British-bred Thoroughbred racehorse

Orlando (foaled 1841) was a British Thoroughbred racehorse best known for winning the Derby and as a Leading sire in Great Britain and Ireland.

==Racing record==
Racing at age two, one of Orlando's most significant wins came in the July Stakes at Newmarket Racecourse. Ridden by Nat Flatman, the three-year-old Orlando finished second in the 1844 Epsom Derby but was awarded first place after an investigation concluded that winner "Running Rein" was in reality a four-year-old named Maccabeus who ran in Running Rein's name.

==Stud record==
Orlando stood at his owners stud until August 1851 when Peel held a dispersal sale and Orlando was sold to Charles Greville. Orlando was the Leading sire in Great Britain & Ireland three times, in 1851, 1854, and 1858. He was second and/or third on the sires list seven times between 1853 and 1861. In all, he was the sire of 352 horses who won a total of 797 races including four Classics. Teddington won the 1851 Epsom Derby, and Fazzoletto, Diophantus and Fitz-Roland, all won the 2,000 Guineas. His daughter, Imperieuse won the St Leger Stakes and One Thousand Guineas, and was the dam of Deliane (won FR Prix de Diane).

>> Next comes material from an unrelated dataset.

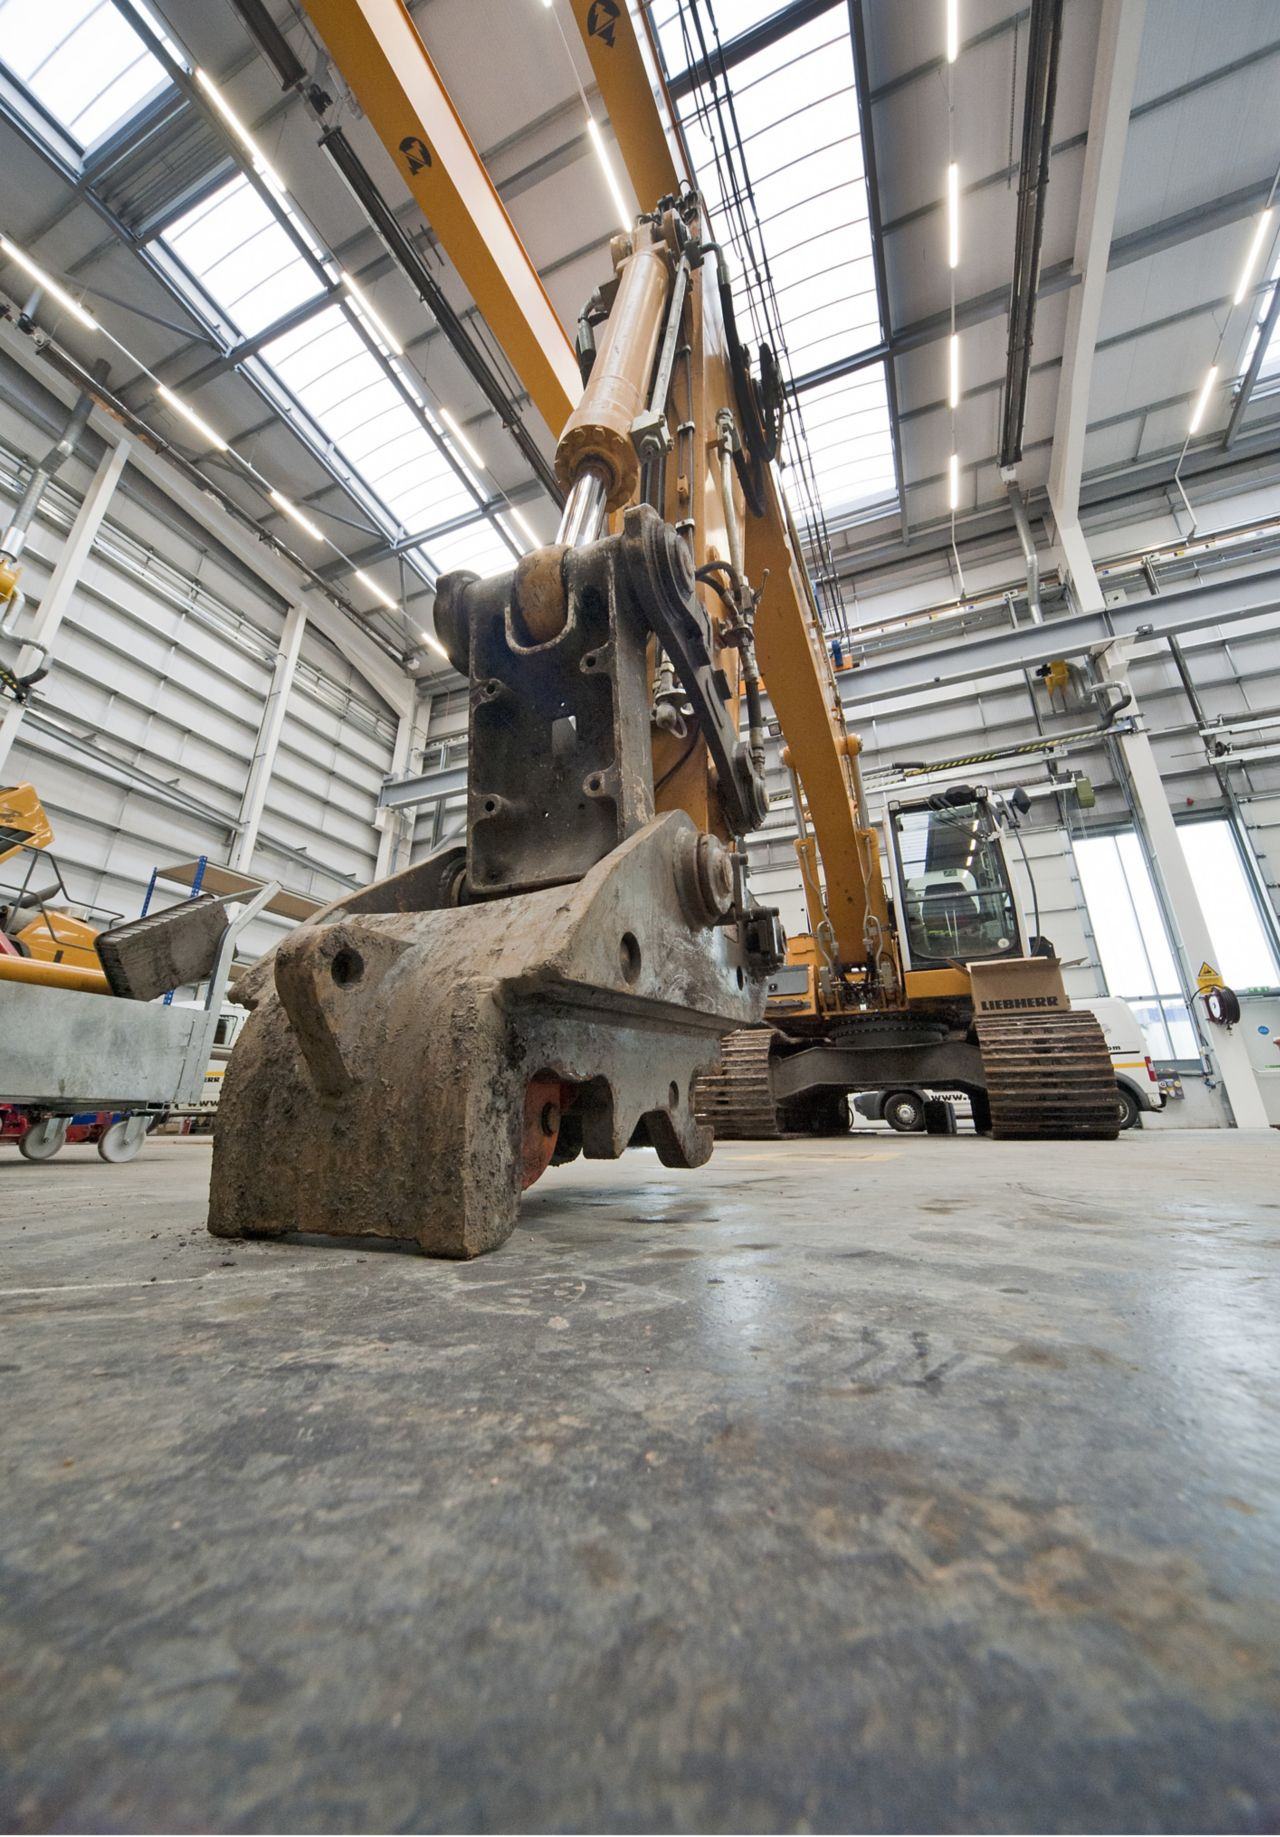 Excavator on a concrete floor with dry shake aggregate floor hardeners
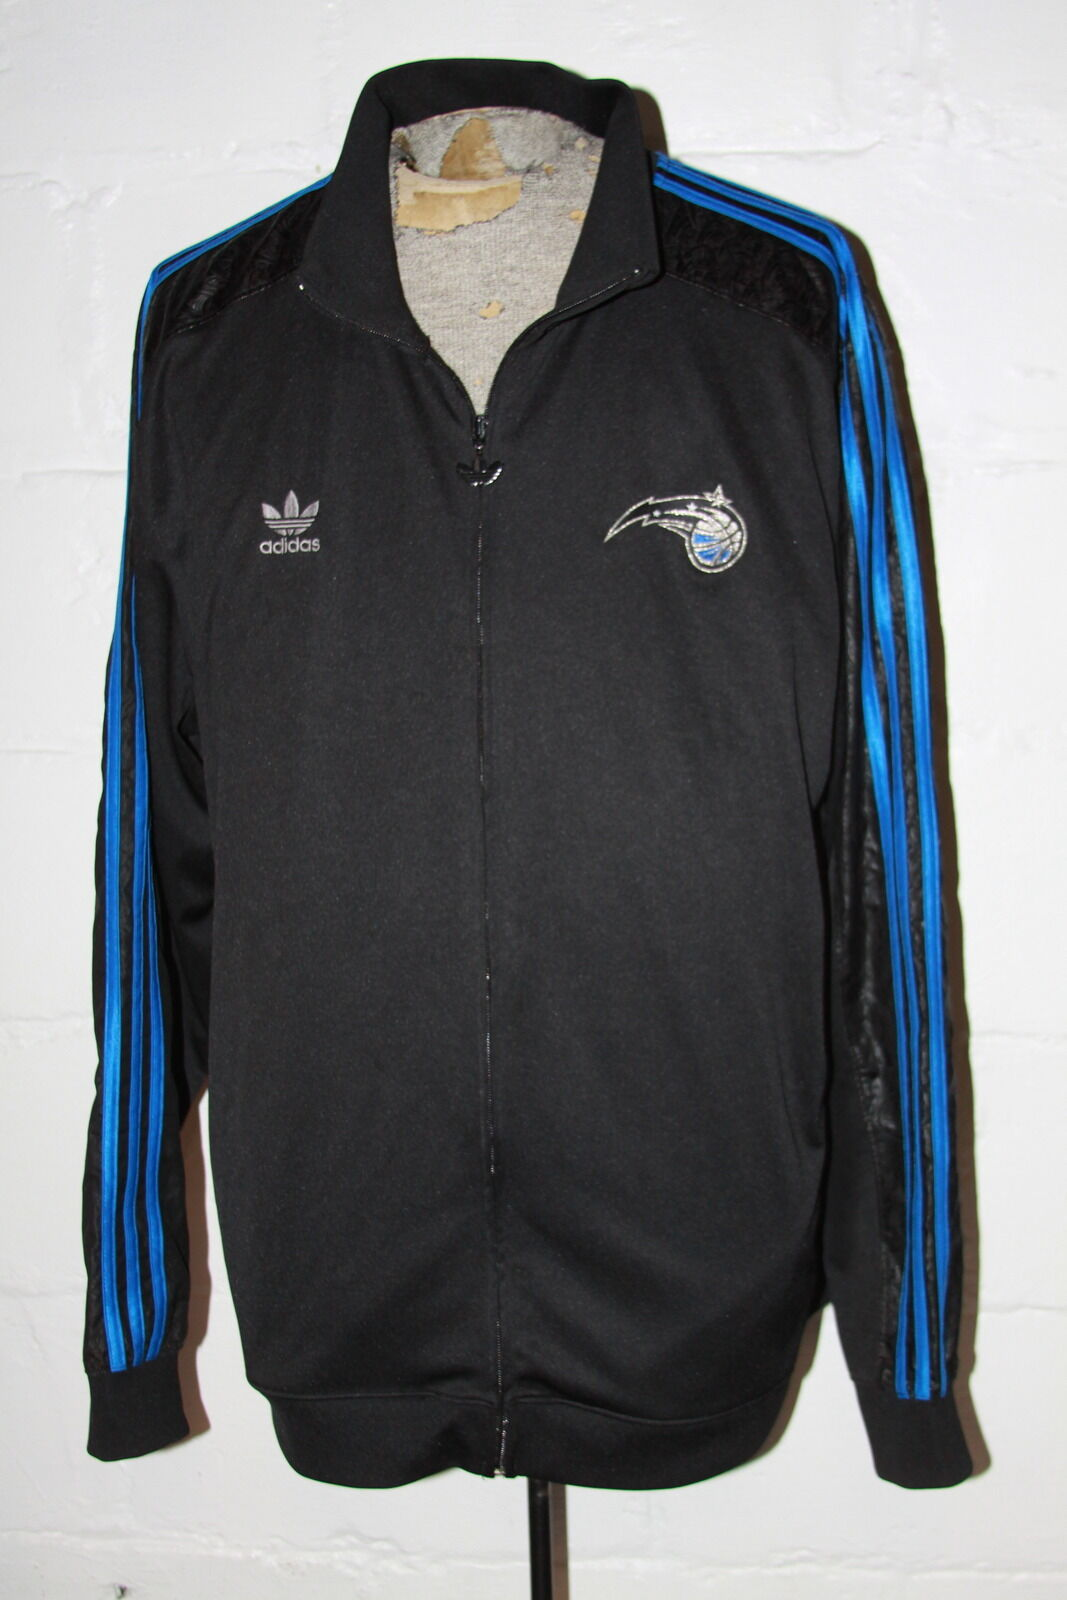 a01300edc EUC Adidas Adidas Adidas Limited Edition NBA Orlando Magic Full Zip Track  Jacket Sz 2XL XXL

Orlando was also the grandsire of Ruthless, winner of the inaugural running of America's Belmont Stakes in 1867 and one of only three fillies to ever win that American Classic.

==Sire line tree==

- Orlando
  - Teddington
    - Shillelagh
    - Moulsey
  - King Pepin
  - Orpheus
  - Ninnyhammer
  - Orestes
    - Orest
      - Hollywood
  - Boiardo
    - Barwon
    - Banker
    - Oriflame
  - Marsyas
    - Albert Victor
      - Maskelyne
      - The Sailor Prince
    - George Frederick
      - Frontin
      - Colorado
        - Sundorne
  - Scythian
  - Duke Rollo
  - Fazzoletto
    - Ackworth
    - Blue Riband
    - King Victor
  - Porto Rico
  - King Of The Forest
  - The British Remedy
  - Chevalier d'Industrie
    - Friponnier
  - Claude Lorraine
  - Zuyder Zee
  - Eclipse
    - Throg's Neck Jr
    - Young Eclipse
    - Cambrist
    - Egotist
    - Boaster
    - Narragansett
    - Cavalier
    - Scathelock
    - Alarm
      - Danger
      - Himyar
        - Faraday
        - Domino
        - Halton
        - Harry Reed
        - Plaudit
        - Hyphen
      - Gabriel
      - Bruno
      - Panique
      - Pardee
        - Proteinol
      - Wawekus
    - Catesby
    - Osseo
    - Grandmaster
  - Fitzroland
    - Paladin
  - Gin
  - Trumpeter
    - Salpinctes
    - Abergeldie
    - Distin
    - Queens Messenger
    - Plutus
      - Flageolet
        - Ismael
        - Rayon d'Or
        - Zut
          - Palamede
          - Frapotel
          - Le Torpilleur
          - Fligney
          - Canigou
        - Beauminet
          - Chalet
            - Maximum
              - Ultimatum
              - Pere Marquette
          - Barnato
          - Bonvivant
        - Le Destrier
          - Stuart
            - Ivry
          - Tournesol
          - Rachenputzer
        - Comte Alfred
        - Fenelon
        - Reussi
        - Manoel
          - Melibee
        - Xaintrailles
          - Cadix
          - Le Borda
          - Melchoir
          - Poluygone
          - Le Bizon
        - Geiheimrath
          - Artig Kind
        - Nebenbuhler
        - Auerhahn
        - Geier
        - Meistersinger
        - Goldschaum
          - Paris
            - Goldschlaeger
              - Goldammer
                - Goldfisch
                  - Graf
                    - Grande
                      - Graphit
                        - Grannus
                  - Gotthard
        - Argwohn
        - Lebemann
      - Fricandeau
        - Doge
      - Gournay
    - Challenge
      - Hastings
        - Tegetthoff
  - Crater
  - Canary
    - Xenophon
      - Seaman
      - Parasang
  - Diophantus
  - Wrestler
  - Chattanooga
    - Wellingtonia
      - Clover
        - Arreau
      - Clairon
        - Demetrio
  - Liddington
  - Temple
  - The Knave

==Pedigree==

 Orlando is inbred 4S x 3D to the stallion Selim, meaning that he appears fourth generation on the sire side of his pedigree, and third generation on the dam side of his pedigree.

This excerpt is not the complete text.